Hey team, I have a question wrt mlforecast fit and...
# mlforecast
f
Hey team, I have a question wrt mlforecast fit and the use of a validation size. Currently the fit() method of the MLForecast class does not support validation size. In neuralforecast there is a val_size parameter for it. Is there any way to achieve a similar behaviour in MLForecast to get early_stopping to work? Or is there a reason why this cannot work at all?
đź‘€ 1
j
Hey. The problem is that since we can take any scikit-learn compatible model there's no easy way to do it, because some models don't work on a per-iteration basis (e.g. RandomForest), others do but have different interfaces for providing validation sets and early stopping rounds (e.g. GBDTs). If you want something that works out of the box you can try LightGBMCV, which implements early stopping based on the loss of the full forecasting horizon. If you want to use a different model you can follow this guide to generate the training set with MLForecast and then split it any way you want, train the models with their native APIs and then give them back to mlforecast for the forecasting step.
f
Awesome, thanks for the quick answer!
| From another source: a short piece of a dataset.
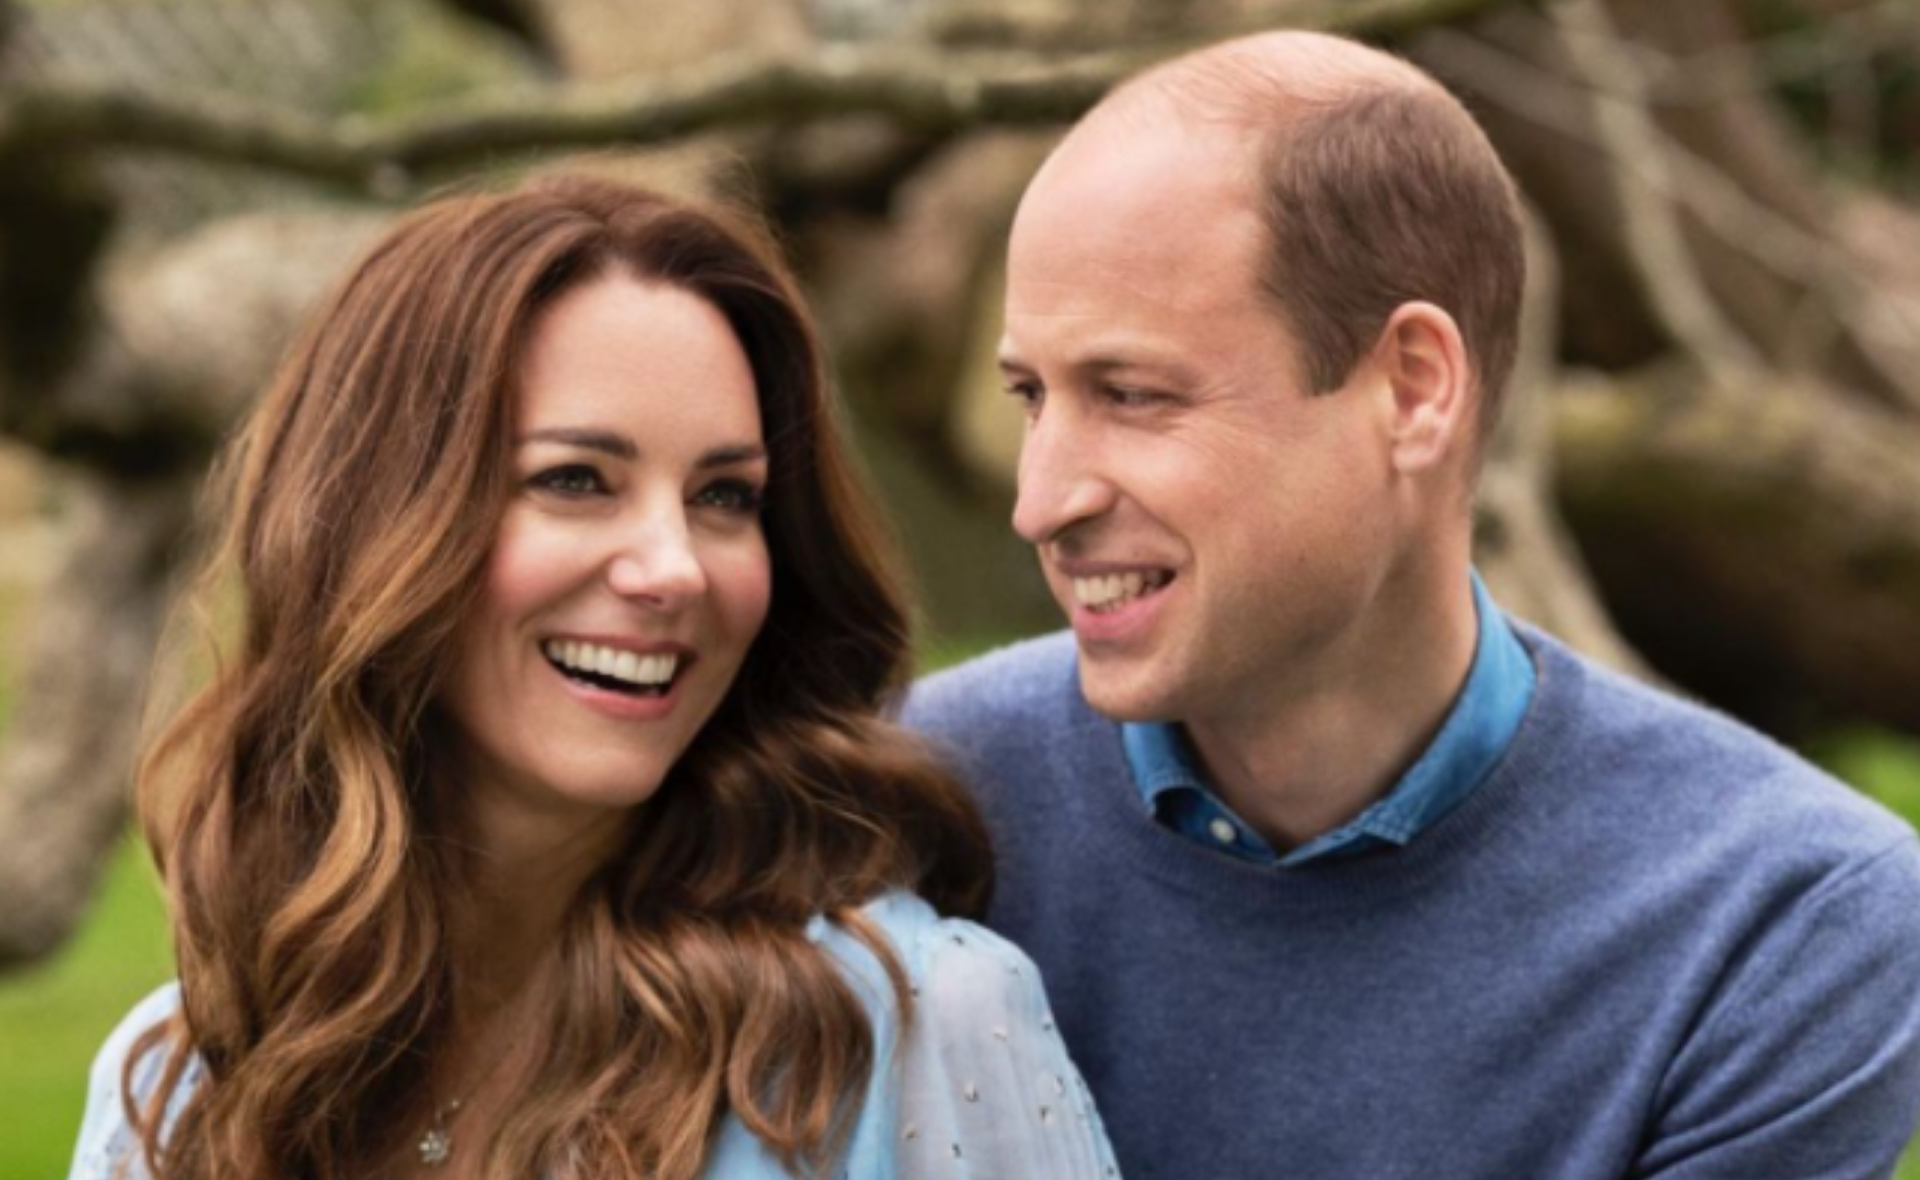 “10 years”: Two stunning new portraits of Prince William & Duchess Catherine have been unveiled for their milestone wedding anniversary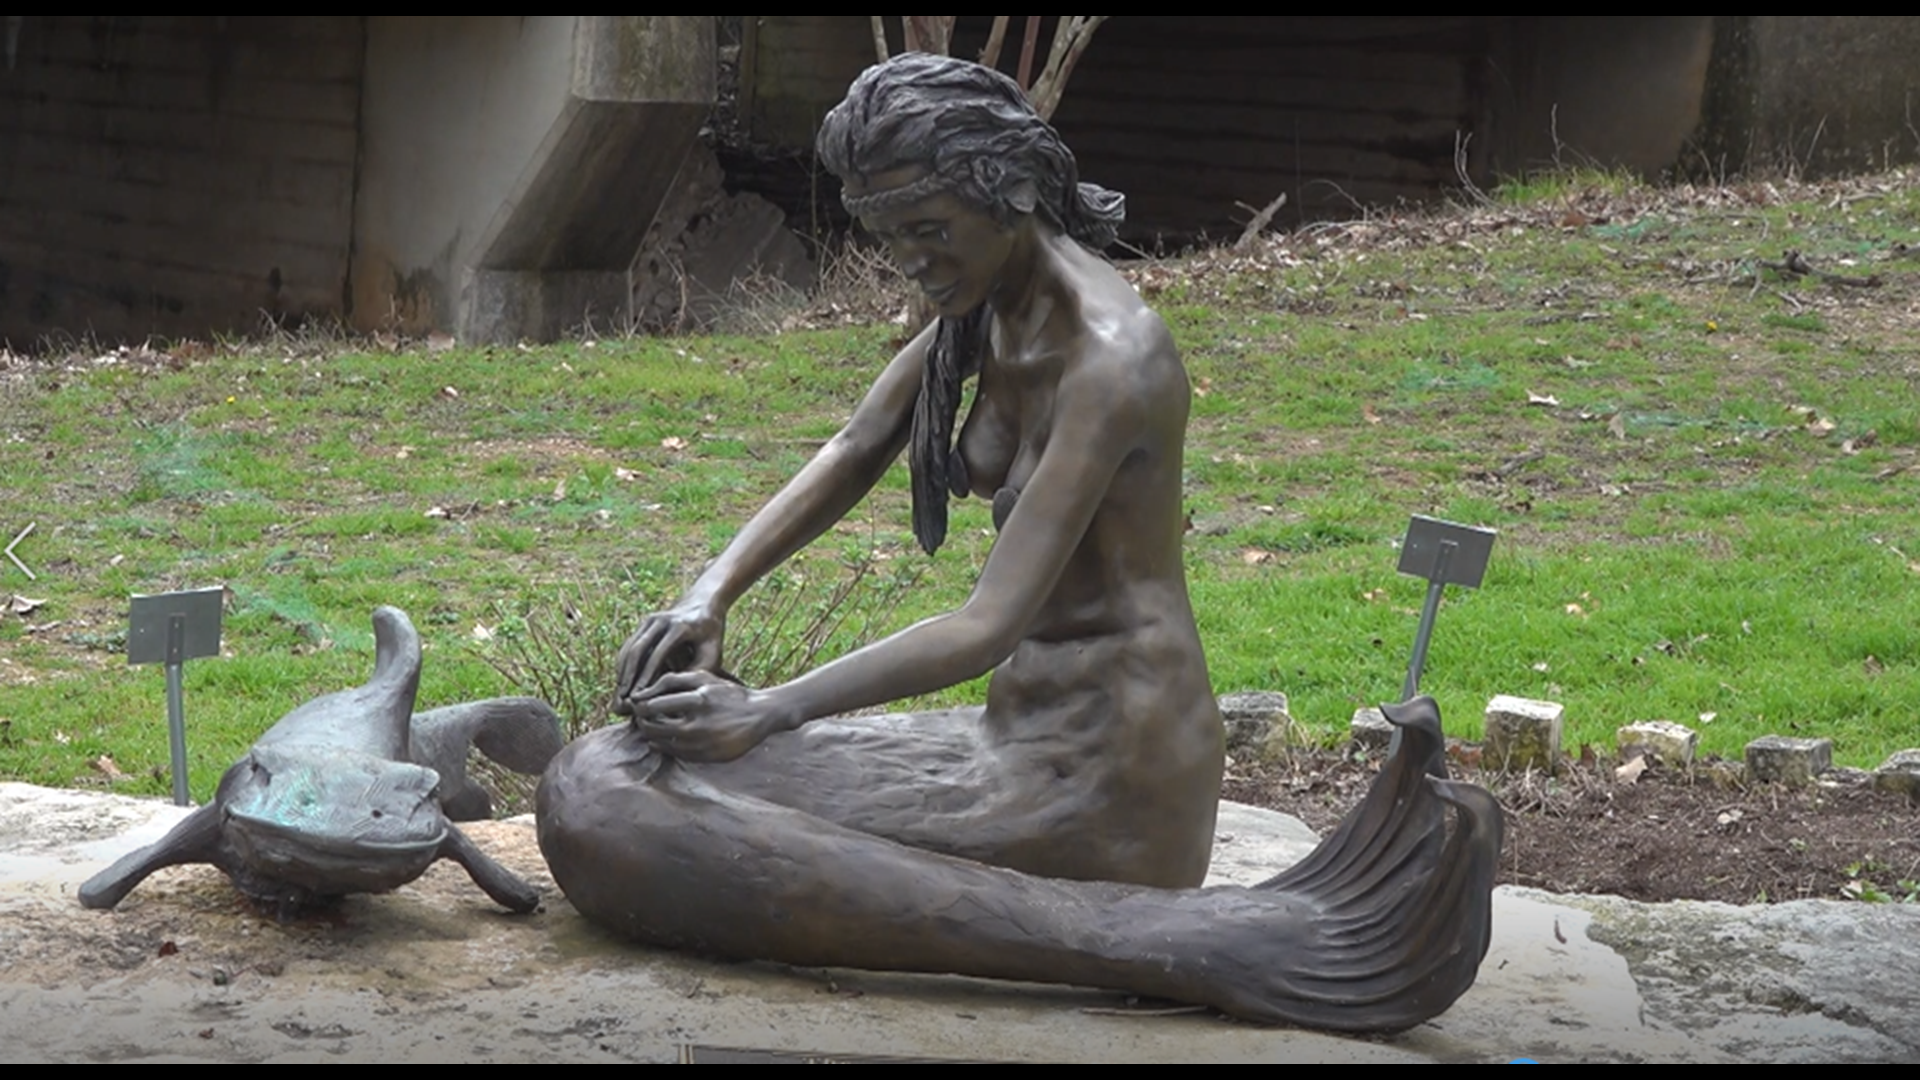 Sculptor Troy Kelly crafted the statute of Sirena the Indian Mermaid back in 1986. Today, it's an icon in the Salado community.

That's what I was already discussing with my coworkers, glad to see I was on the right track, but also sad there is no shortcut 🙂 Would it benefit someone or is there a place to provide the final code as an example or sth?
j
Do you mean you want us to provide an example or do you want to share your code as an example?
f
No if I manage to do it, should I post it as an example somewhere?
j
I think we could add it as an extra case in the custom training guide, i.e. case 1 using weights and case 2 performing early stopping
you could also define a class that wraps the model you're training and defining the val size on init and performing the early stopping during fit, that'd allow you to just pass the model to MLForecast.fit and have it early stop automatically
👍 1
j
maybe i am a bit late here, but we recently implemented early stopping with optuna. i am still using manual tuning (as when i started to build it, there was no automl fc), but since i just discovered there is no possibility to define val_length, we might stick to this. anyway, here is a simple early stopping logic (based on percentage incremental increase):
def early_stopping(self, study, trial):
current_value = trial.value
improvement = self.best_value / current_value - 1
if improvement > self.percentage:
self.best_value = current_value
self.best_step = trial.number
elif trial.number - self.best_step >= self.patience:
print(f"Early stopping triggered at trial {trial.number}.")
study.stop()
then you can run it like this:
def run_optuna(self, n_trials: int = 20) -> Dict[str, Any]:
"""
Initiates Optuna optimization to find the best hyperparameters.
Parameters:
- n_trials (int, optional): The number of optimization trials. Default is 20.
Returns:
- Dict[str, Any]: A dictionary containing the best hyperparameters found during optimization.
"""
study = optuna.create_study(
direction="minimize", pruner=optuna.pruners.MedianPruner()
)
study.optimize(self.objective, n_trials=n_trials, callbacks=[self.early_stopping])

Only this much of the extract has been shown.